Сдача и гибель советского интеллигента, Юрий Олеша
Шрифт:
...Таким образом, видим мы, что новый человек приучает себя презирать старинные, прославленные поэтами и самой музой истории чувства.
А через десять страниц Андрей Бабичев опровергает брата Ивана:
"Значит, там, в новом мире, будет тоже цвести любовь между сыном и отцом. Тогда я получаю право ликовать: тогда я вправе любить его и как сына, и как нового человека. Иван, Иван, ничтожен твой заговор. Не все чувства погибнут. Зря ты бесишься, Иван! Кое-что останется".
Все это совершенно естественно: если был пролеткульт, то должен быть и
Но еще раньше, чем Андрей брата, Иван опровергает самого себя:
"Я думал, - говорит Иван, - что женщина - это наше, что нежность и любовь - это только наше, - но вот... я ошибся".

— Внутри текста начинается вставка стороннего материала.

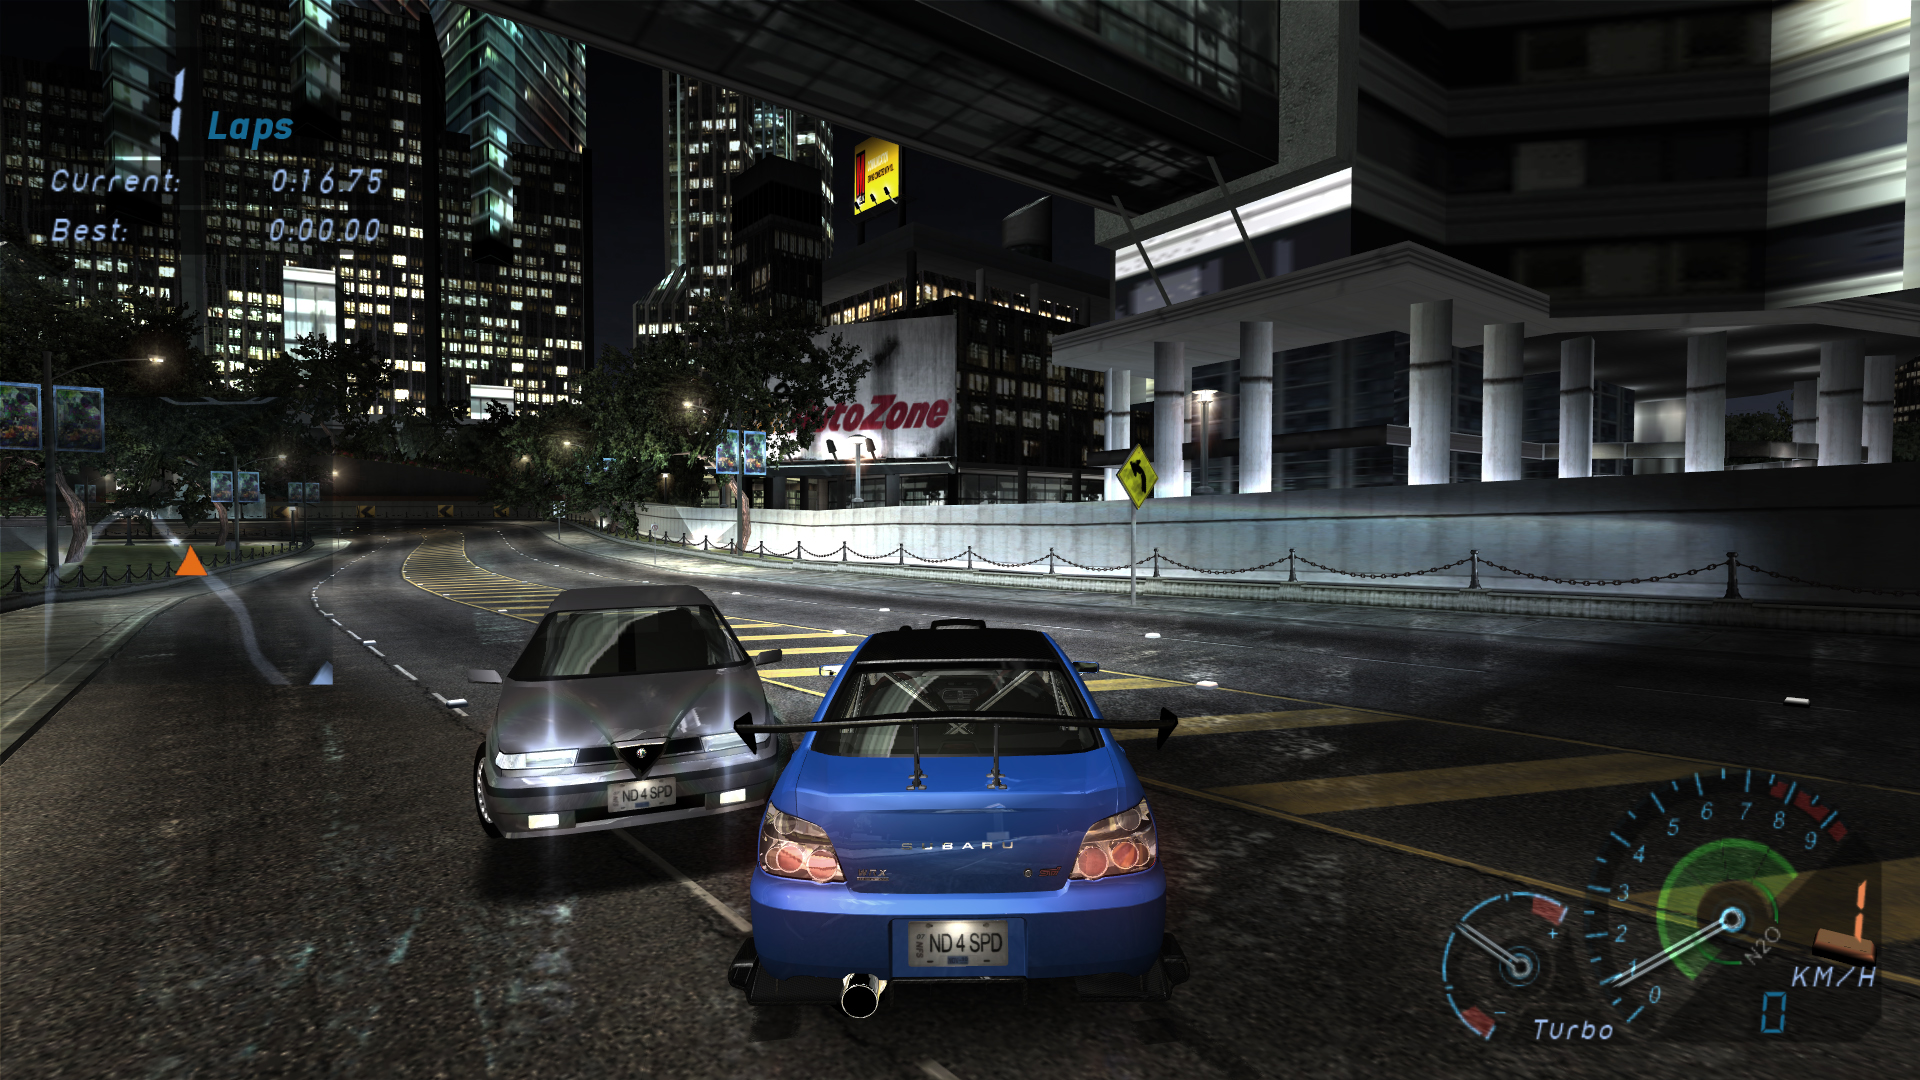 Image 22 - mSE (m2011 v2.0) mod for Need For Speed: Underground.

Один брат думает так, а другой - ничего? Даже еще проще: один брат полагает, что так должен думать другой брат. От спора ничего не остается; он распадается, разваливается. На второй фразе становится ясным, что спорить не о чем.
Иван и Кавалеров говорят (не очень уверенно и часто в пивной), что новый мир уничтожит все человеческие достоинства. Андрей утверждает, что этого не произойдет.
Совершенно ясно, что Иван и Кавалеров ошибаются.
Ну и что же?
А конфликт?
А роман?
Ведь не на этом же построен конфликт, построен роман?
На этом.
Один из характернейших романов русской литературы построен на недоразумении.
Несостоявшаяся коллизия романа, несостоявшаяся трагедия заключаются в том, что ссора с веком возникает из-за того, что он упразднил нежность, любовь, благородные порывы, возмож-ность прославиться. Но, оказывается, что ничего подобного не произошло. В чем же трагедия?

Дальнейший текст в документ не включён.